*Records for this task*
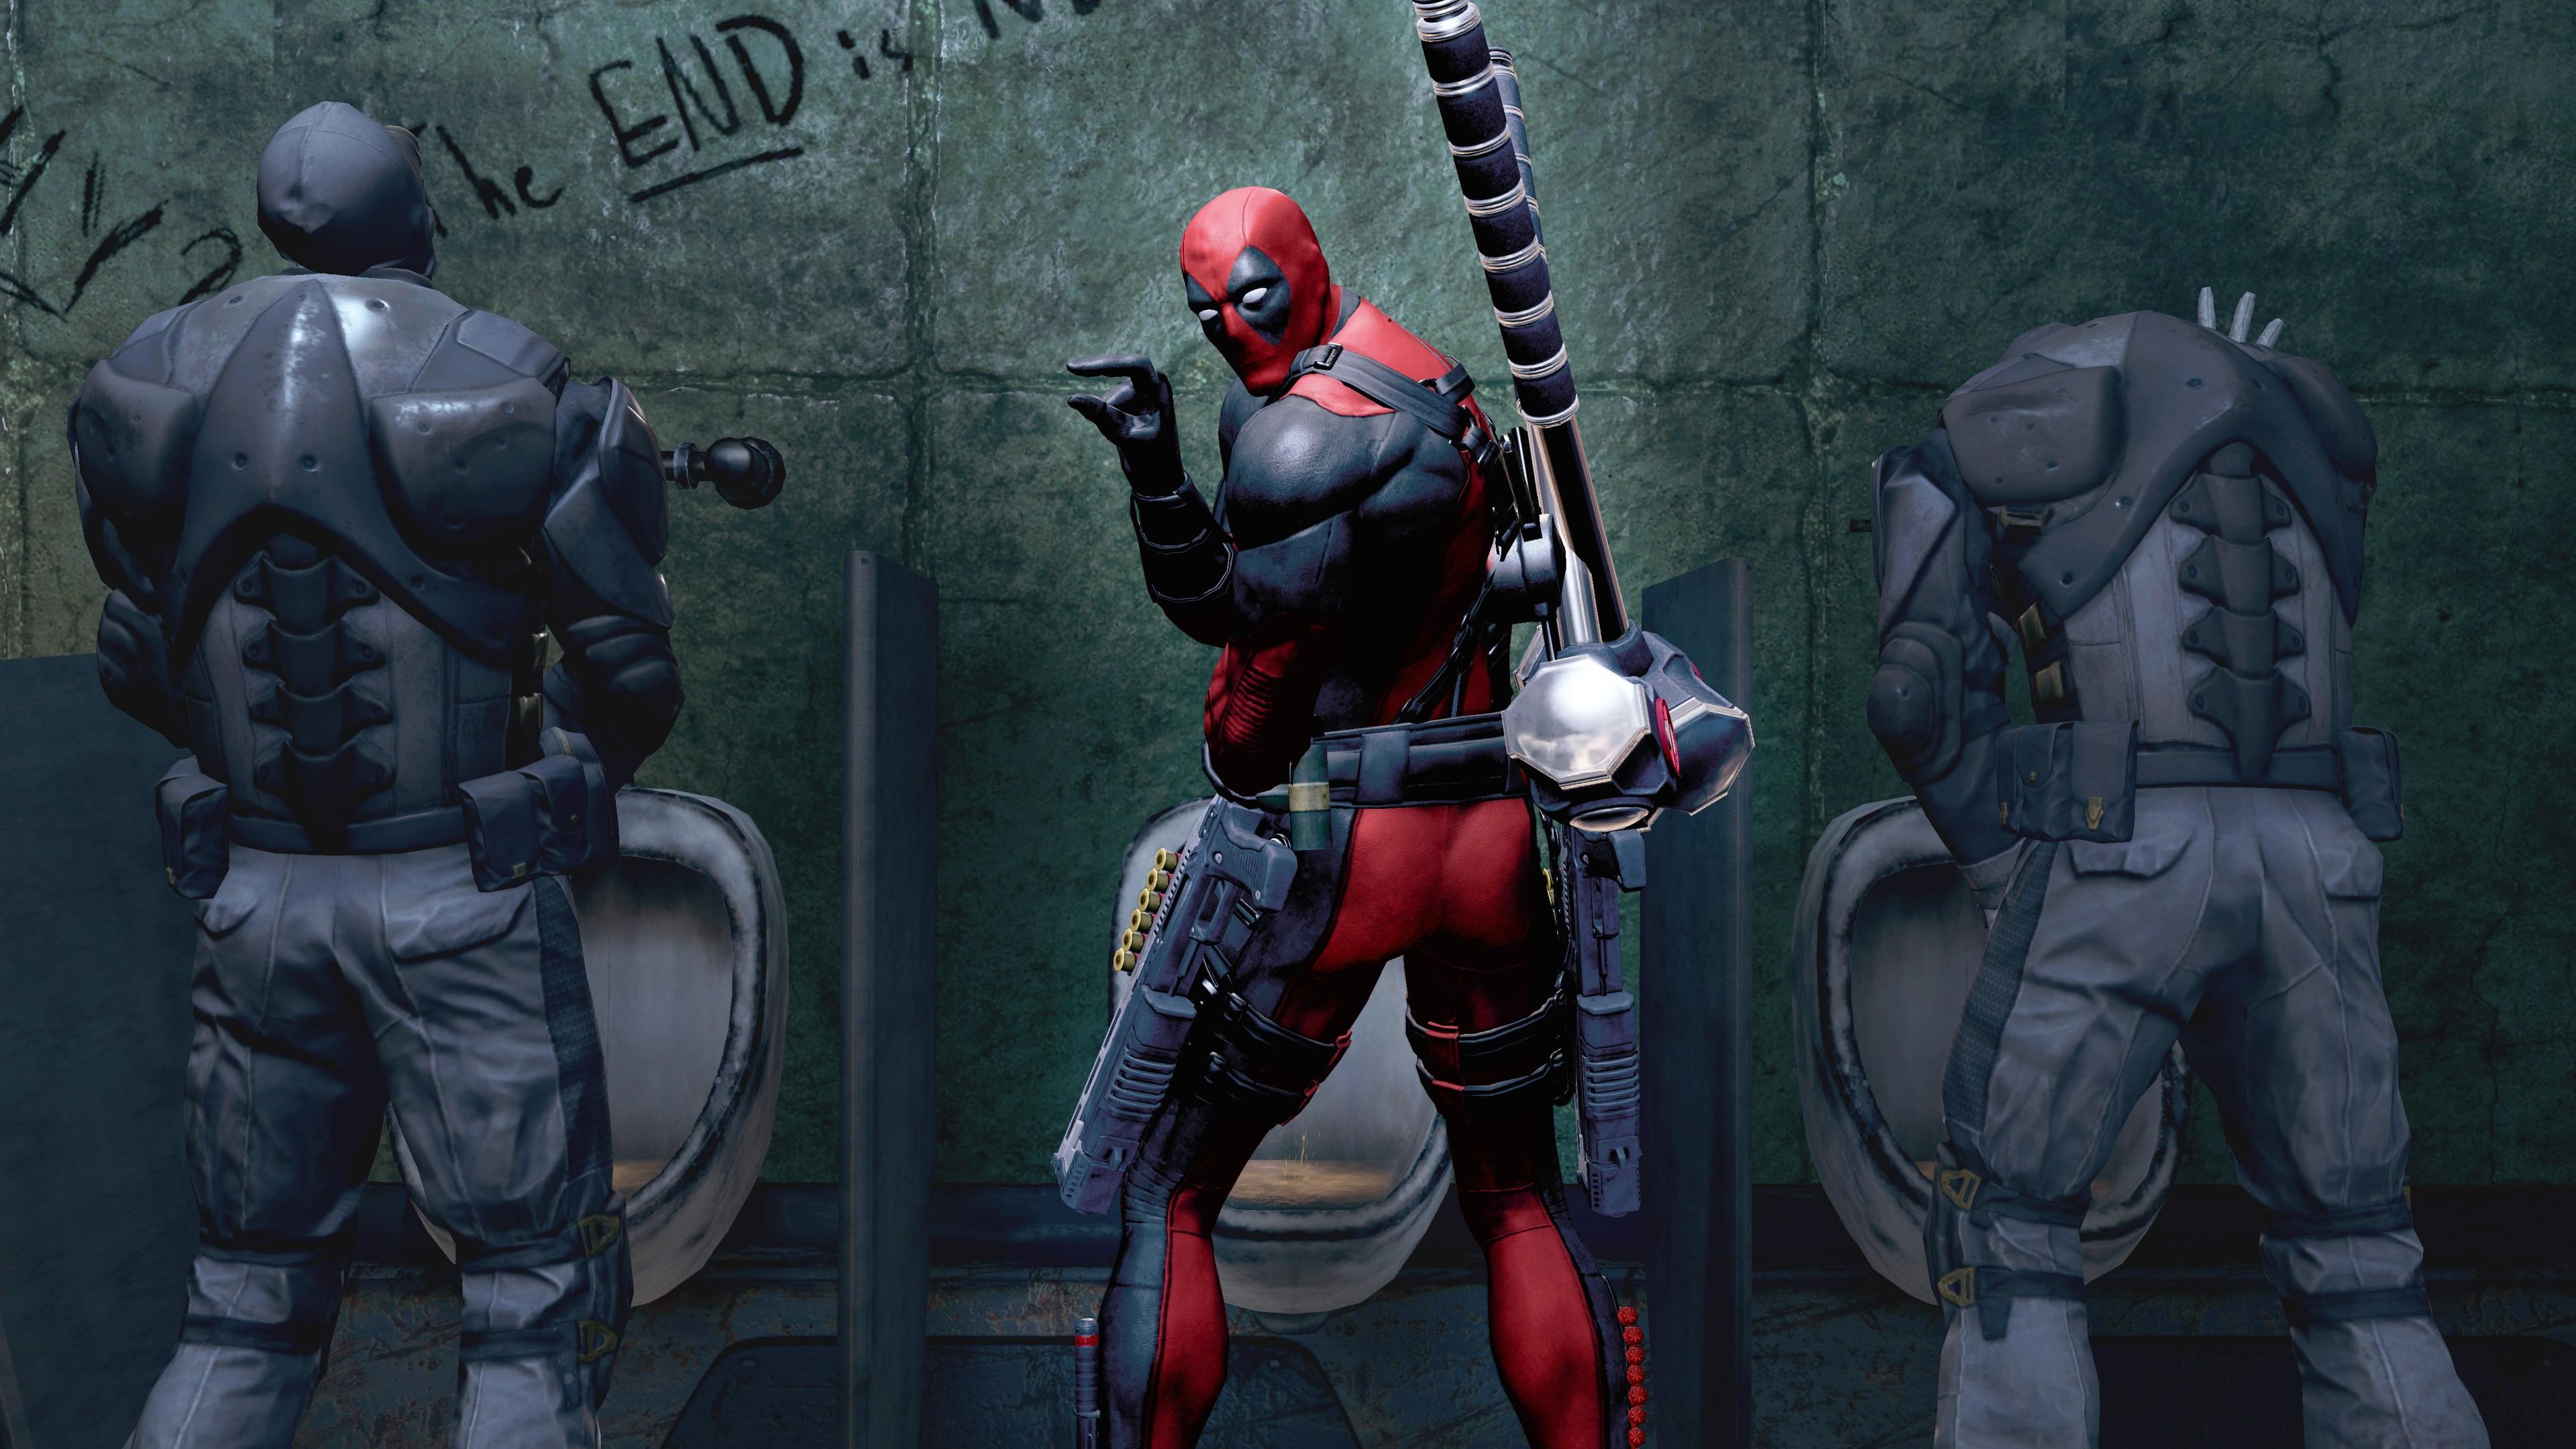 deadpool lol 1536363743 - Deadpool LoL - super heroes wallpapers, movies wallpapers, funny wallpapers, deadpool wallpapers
* * *
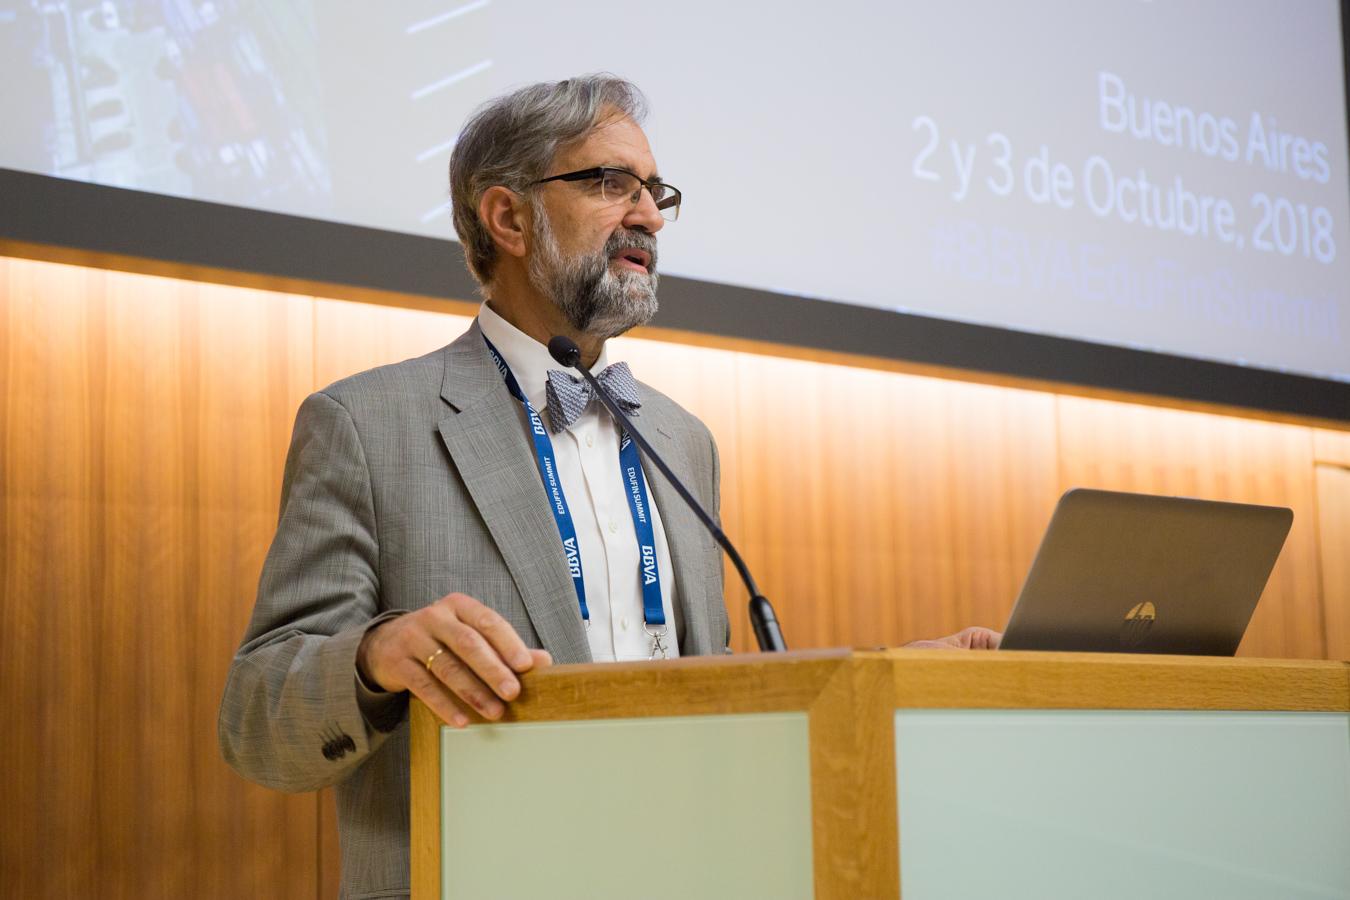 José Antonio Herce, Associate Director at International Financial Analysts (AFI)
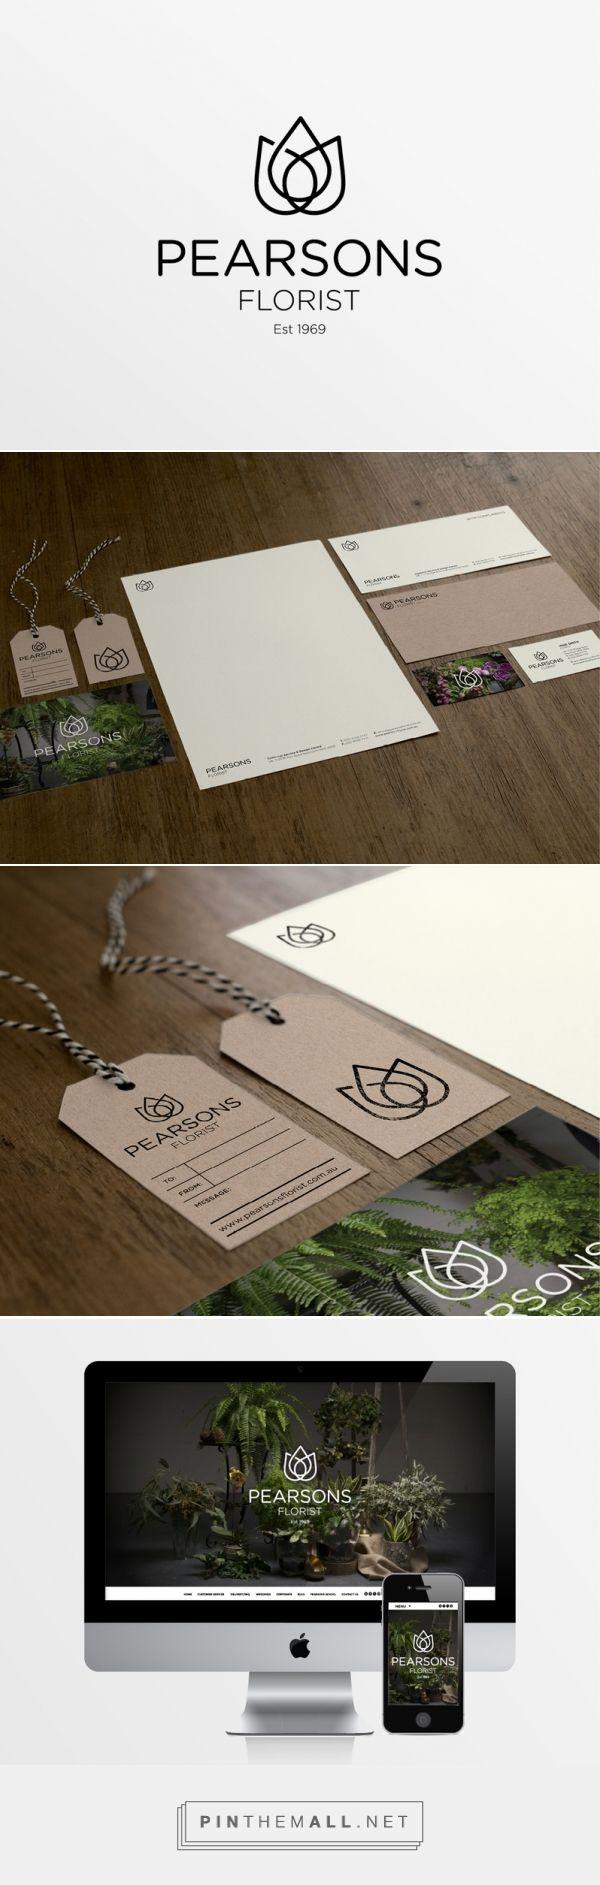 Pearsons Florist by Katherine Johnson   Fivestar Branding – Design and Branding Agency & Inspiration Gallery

*Brief*
Everything from the line with "José Antonio Herce, Associate" through the line with "Pearsons Florist by" in the material above should be transcribed exactly, except the pictures.

*Result*
 José Antonio Herce, Associate Director at International Financial Analysts (AFI)
 Pearsons Florist by Katherine Johnson   Fivestar Branding – Design and Branding Agency & Inspiration Gallery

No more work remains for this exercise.